WORK ORDER> Could you give the listing again exactly, without its pictures?

DATA EXCERPT>
---+---

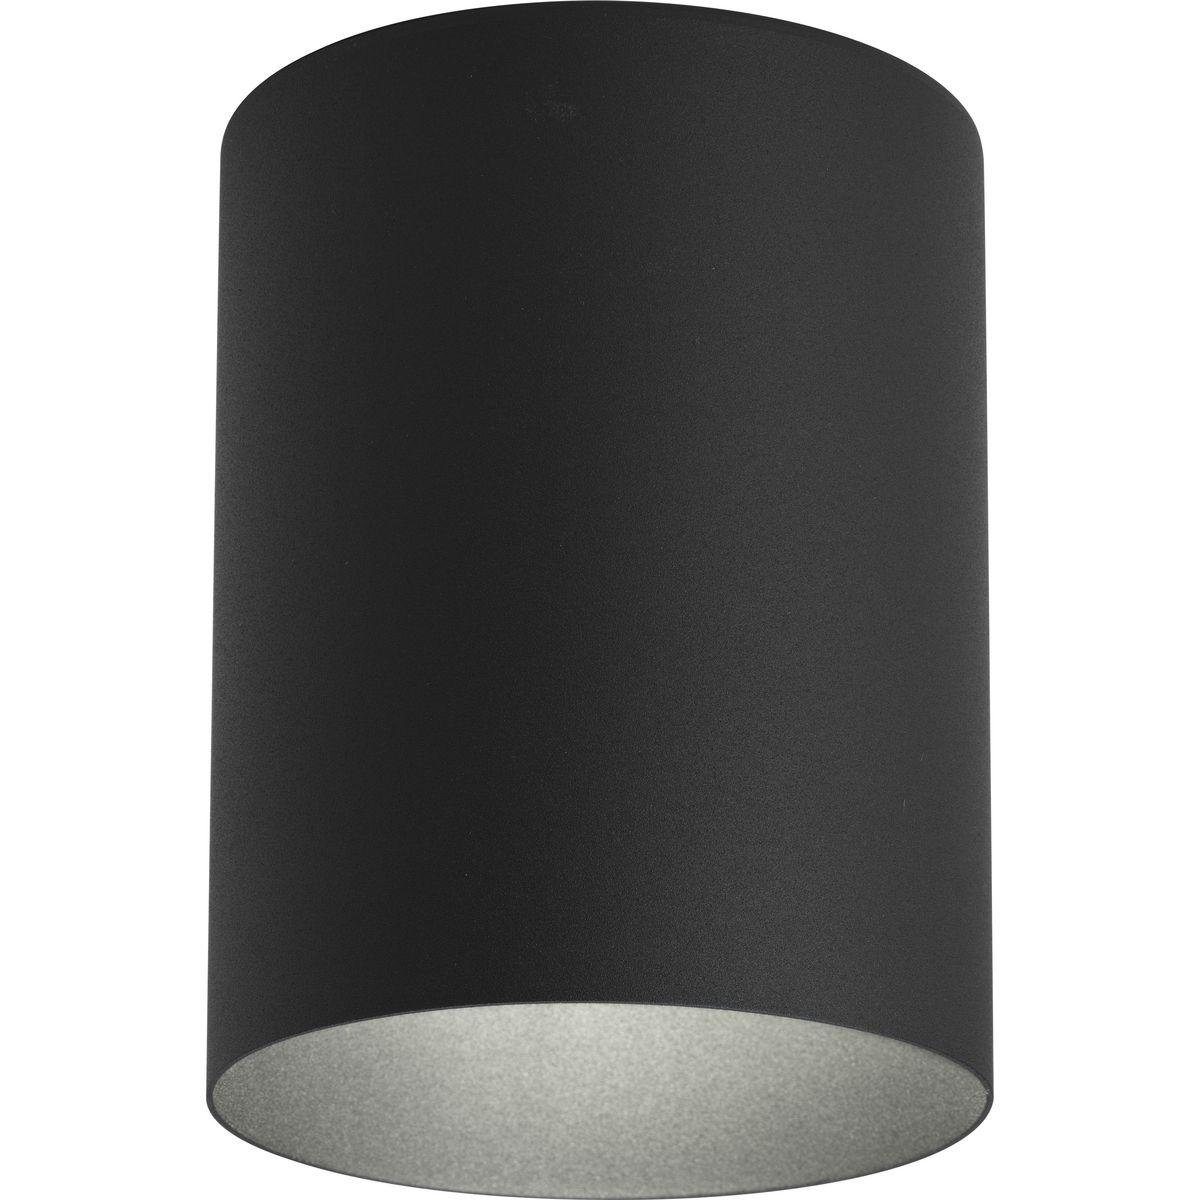 5 Black Outdoor Ceiling Mount Cylinder P5774 31 Progress Lighting
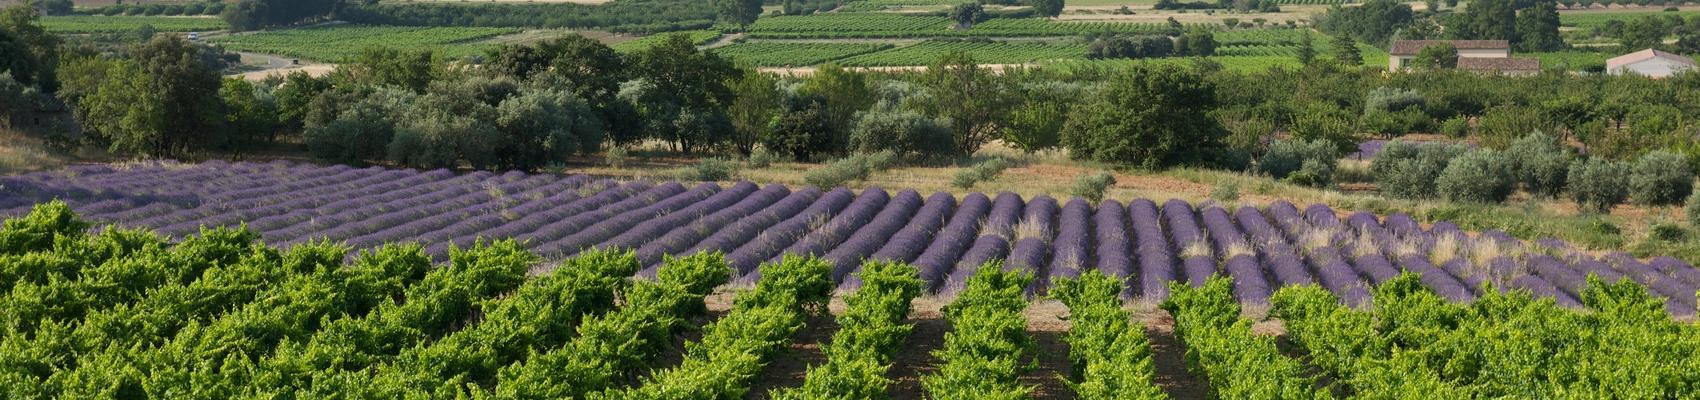 Rhône Valley Vineyards
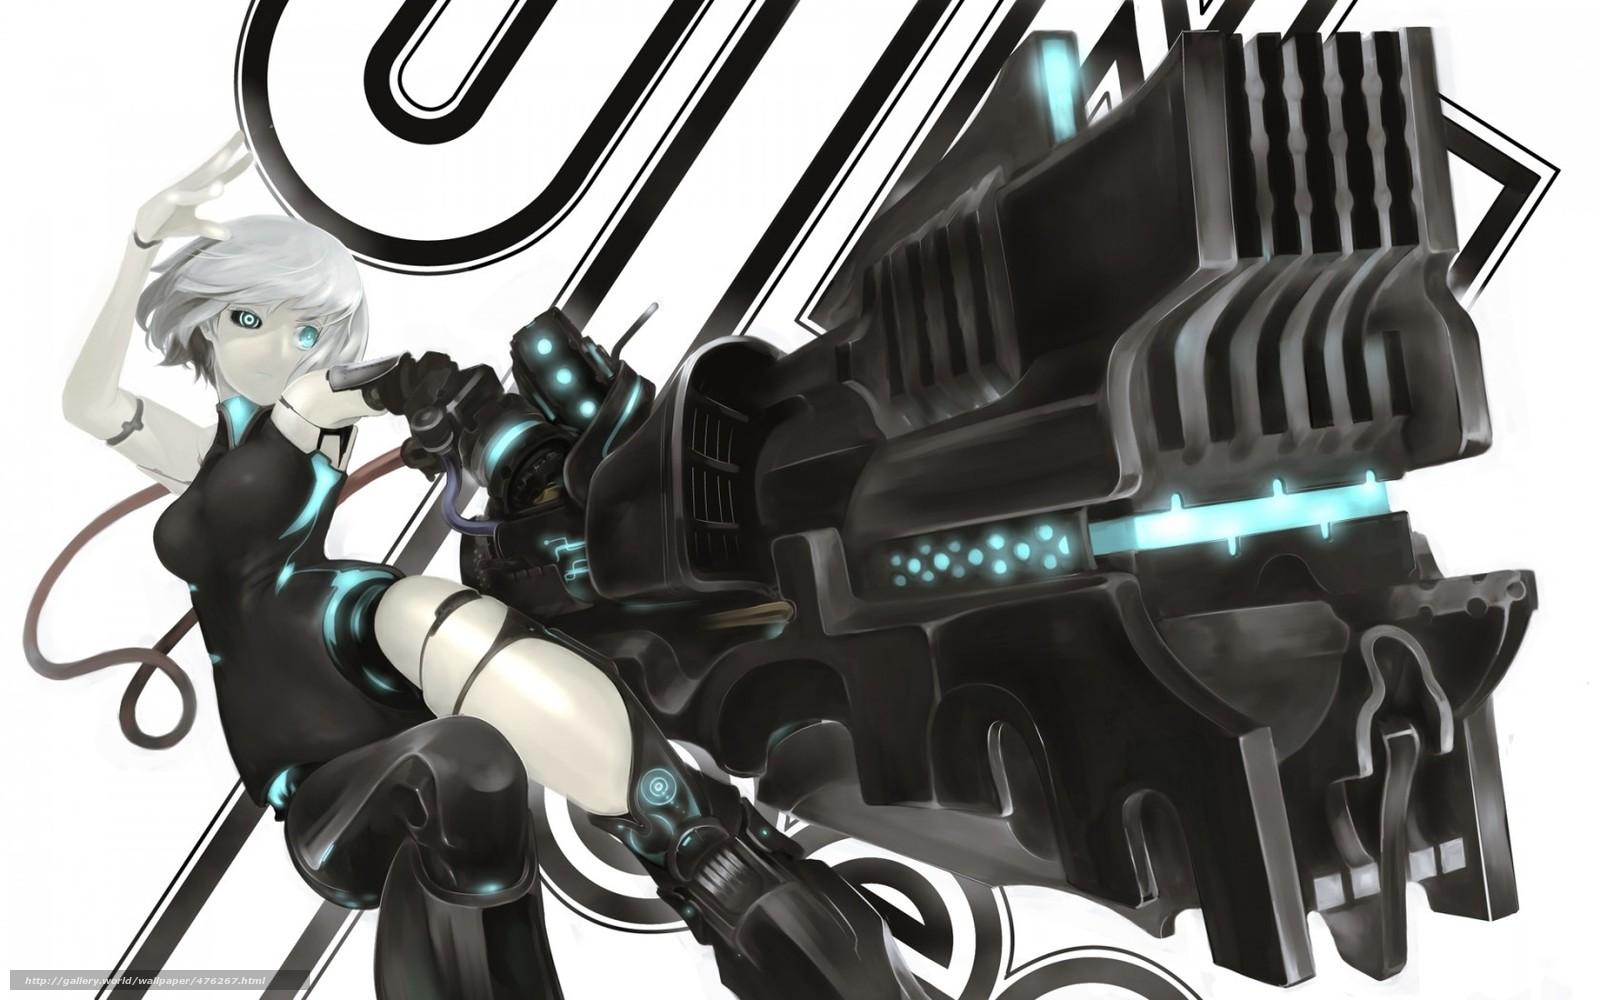 Download wallpaper Art,  girl,  weapon,  gun free desktop wallpaper in the resolution 1680x1050 — picture №476267

---+---

TASK SOLUTION>
 5 Black Outdoor Ceiling Mount Cylinder P5774 31 Progress Lighting
 Rhône Valley Vineyards
 Download wallpaper Art,  girl,  weapon,  gun free desktop wallpaper in the resolution 1680x1050 — picture №476267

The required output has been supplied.